Post by HueyLD » Mon Apr 02, 2018 8:49 am

mlg74 wrote:
Mon Apr 02, 2018 7:47 am
I have a sole prop home business. Currently, I am deducting electricity as a percentage of the home office deduction. However, part of my business requires high energy-using hardware leading to a high electricity bill. I only use 25% of my home so I can only deduct this much for electricity; however 75% of my electricity is from my business. Is there a way to better reflect this in my business expenses. Can I forego deducting the electricity on my home deduction but rather as a business expense?
The IRS has guidelines for your situation. See form 8829 instructions.

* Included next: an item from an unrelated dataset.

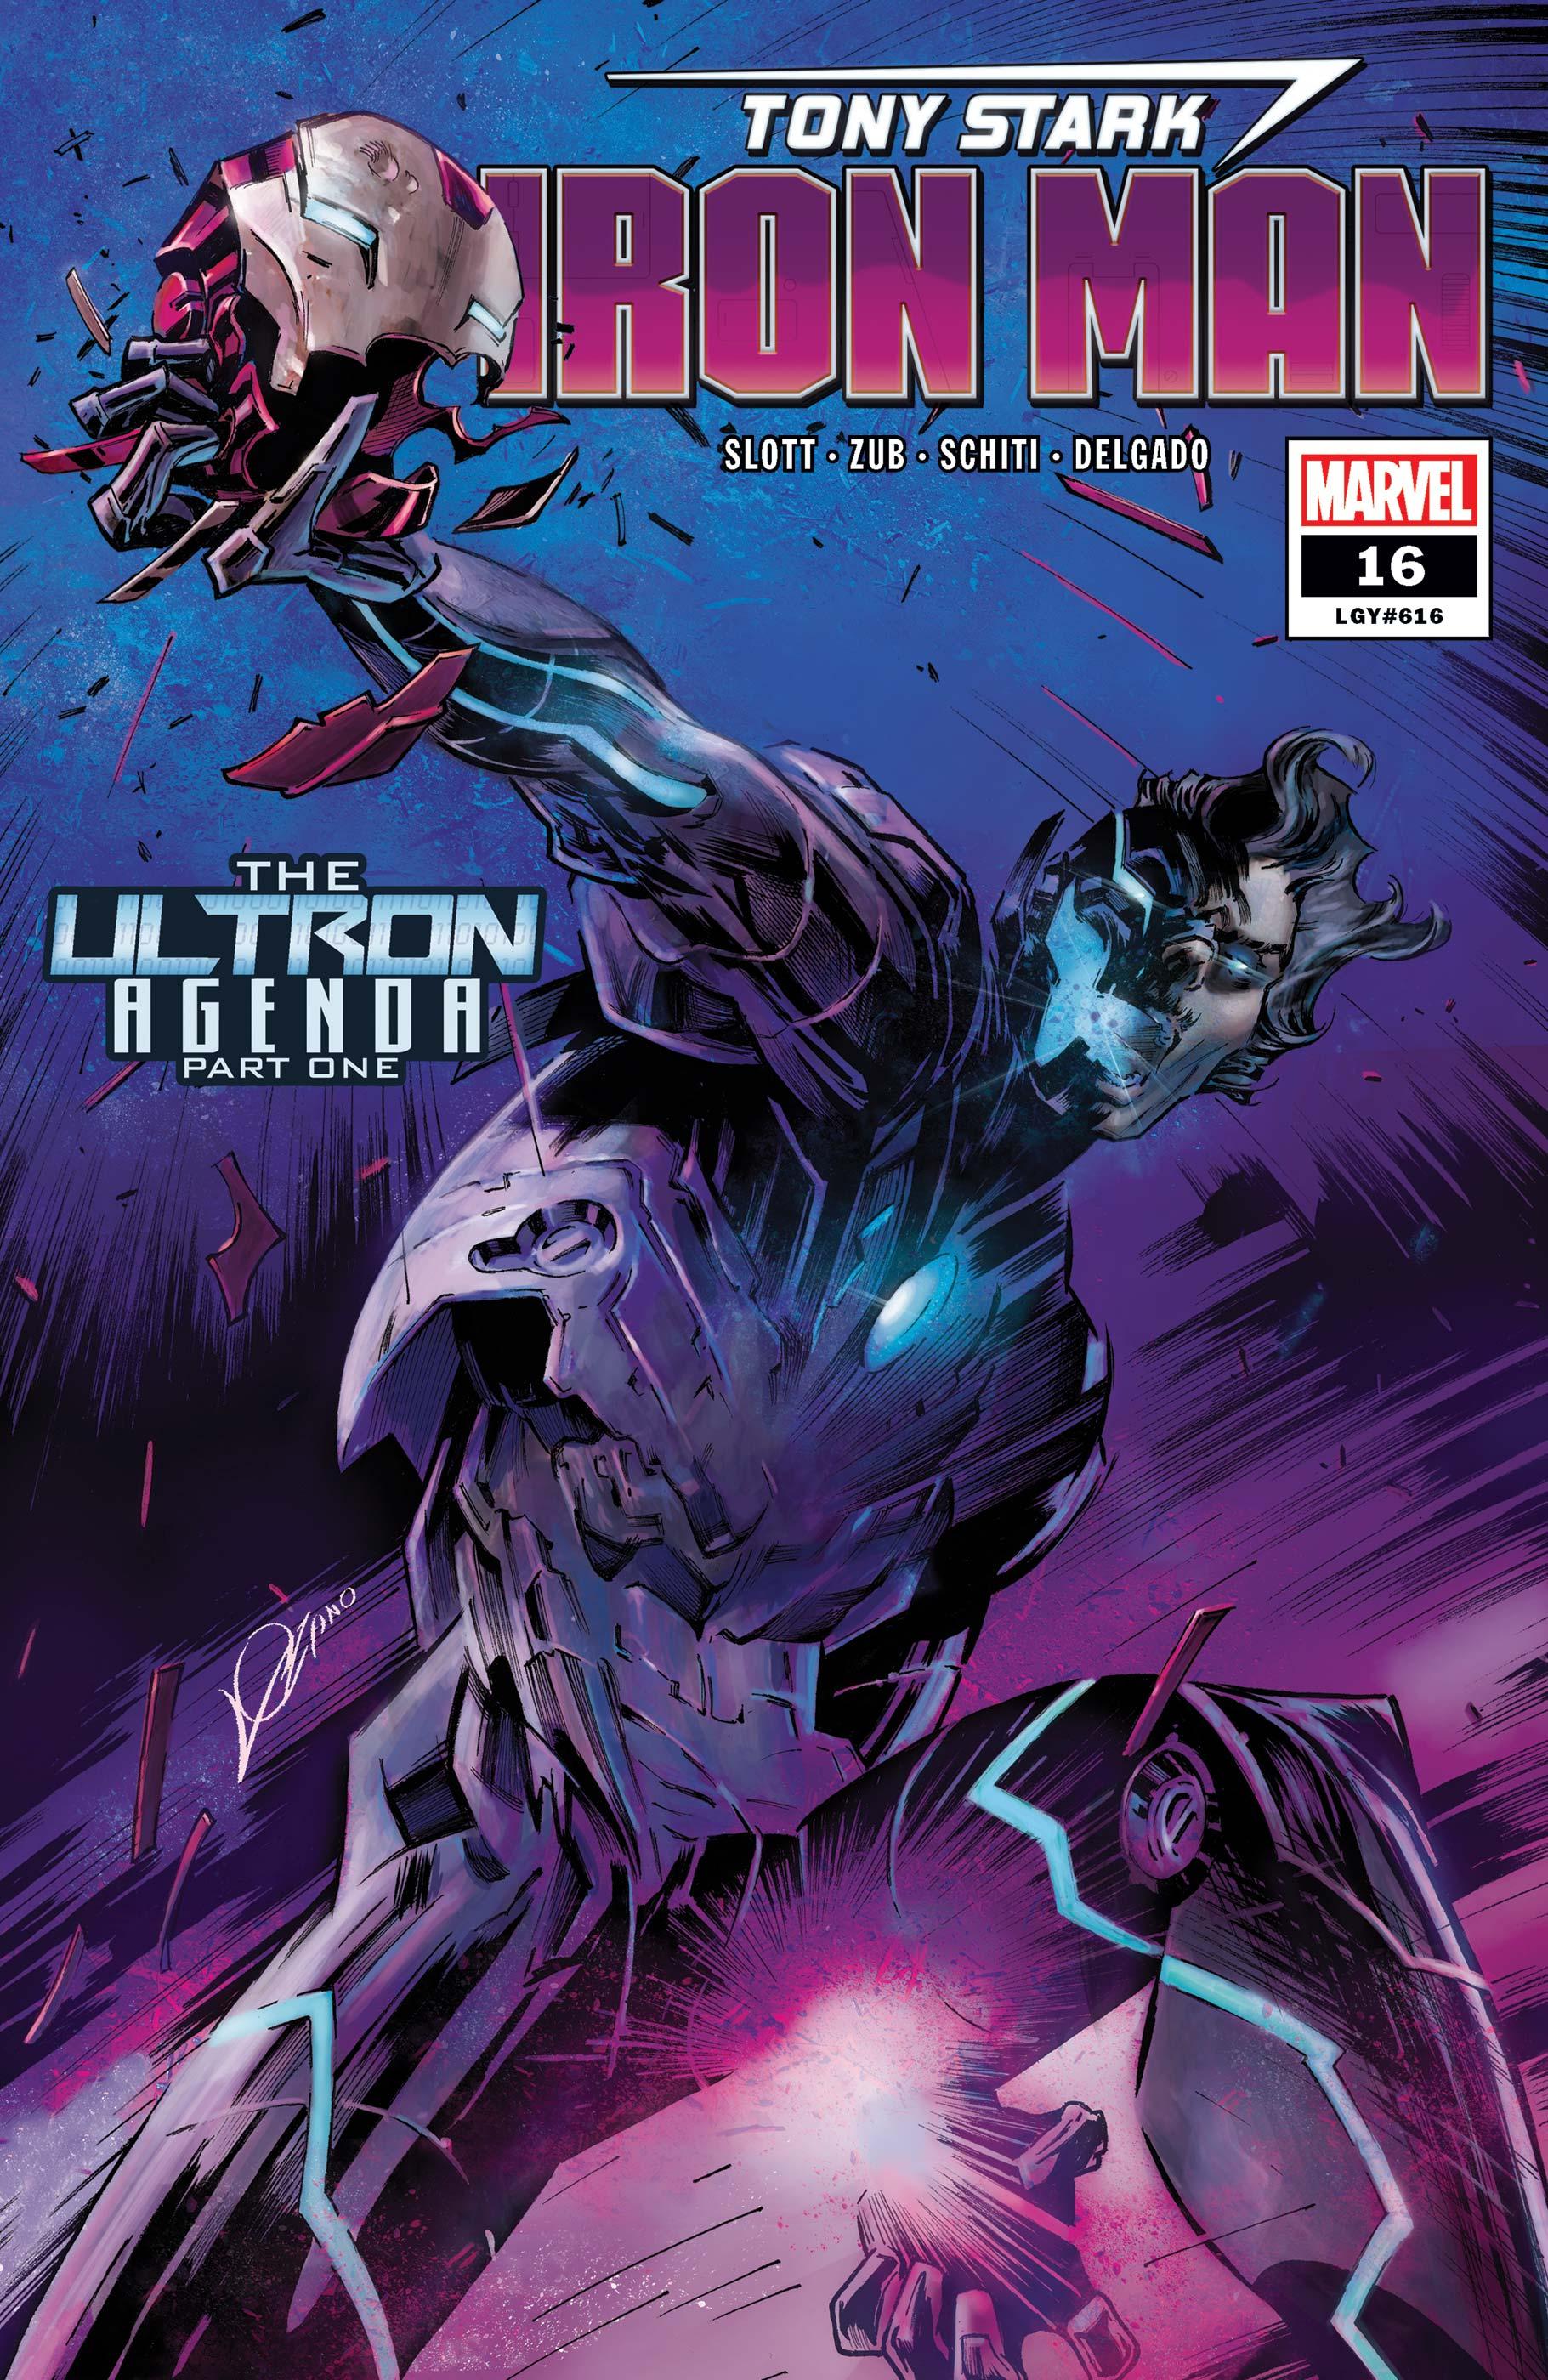 Tony Stark: Iron Man (2018) #16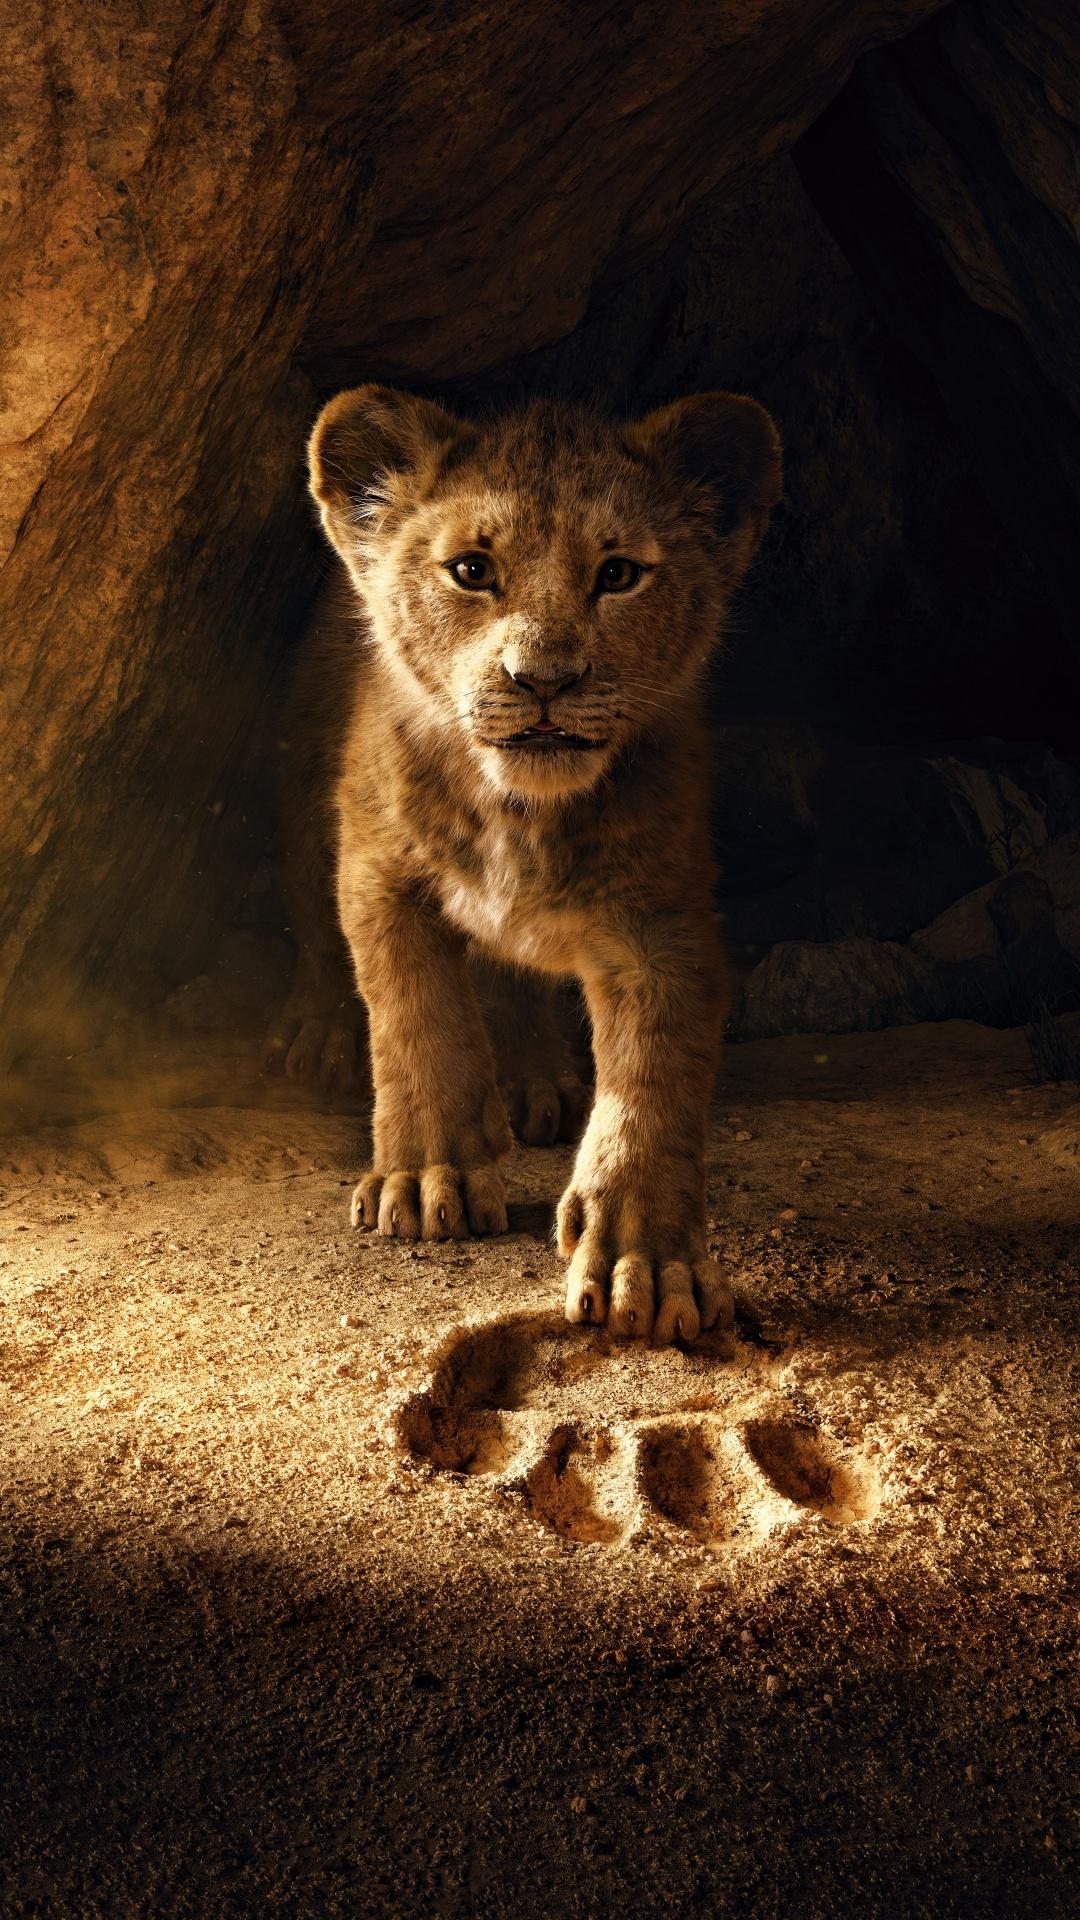 The Lion King 4K Wallpaper, Simba, Lion Cub, 5K, Movies, #944

Exception. If the business percentage of an indirect expense is different from the percentage on line 7, enter only the business part of the expense on the appropriate line in column (a), and leave that line in column (b) blank. For example, your electric bill is $800 for lighting, cooking, laundry, and television. If you reasonably estimate $300 of your electric bill is for lighting and you use 10% of your home for business, enter $30 on line 20 in column (a). Do not make an entry on line 20 in column (b) for any part of your electric bill.
Keep in mind that many things use electricity as stated in the form instructions. So, if you are convinced that your home business uses 75% of the electricity, you need to go thru the exercise and support your claim.

If you can document the 75%, you should use it. As long as the deduction is legit, you should not be afraid of claiming what’s rightfully yours.